Abstract

Capacitive response at long time scales seems to remain an elusive feature in the analysis of the electrical properties of perovskite‐based solar cells. It belongs to one of the critical anomalous effects that arises from the characteristic phenomenology of this type of emerging photovoltaic devices. Thereby, accurately deducing key capacitance feature of new light harvesting perovskites from electrical measurements represents a significant challenge regarding the interpretation of physical processes and the control of undesired mechanisms, such as slow dynamic effects and/or current density–voltage (J–V) hysteresis.
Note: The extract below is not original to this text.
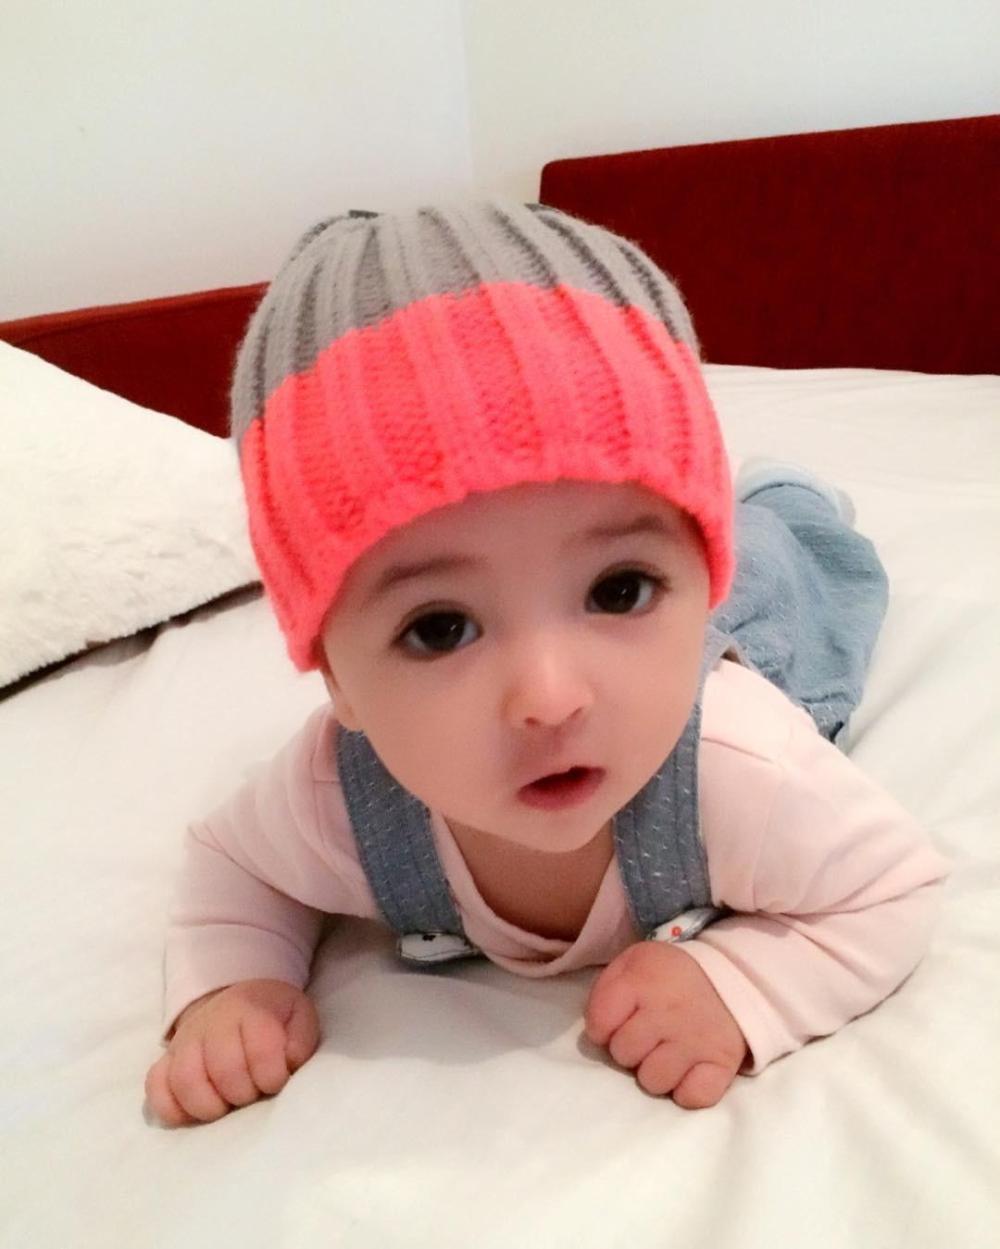 宝宝 壁纸 儿童 孩子 小孩 婴儿 1000_1249 竖版 竖屏 手机

Herein, it is shown that long timescale mechanisms that give rise to hysteresis in stable and high‐efficiency quadruple‐cation perovskites are not due to a classical capacitive behavior in the sense of ideal charge accumulation processes. Instead, it is a phenomenological consequence of slow memory‐based capacitive currents and the underlying cooperative relaxations. A fractional dynamics approach, based on the idea of capacitance distribution in perovskite devices, reliably models the slow transient phenomena and the consequent scan‐rate‐ and bias‐dependent hysteresis. Observable for a wide variety of photovoltaic halide perovskites, distributed capacitive effects are rather universal anomalous phenomena, which can be related to the long‐time electrical response and hysteresis.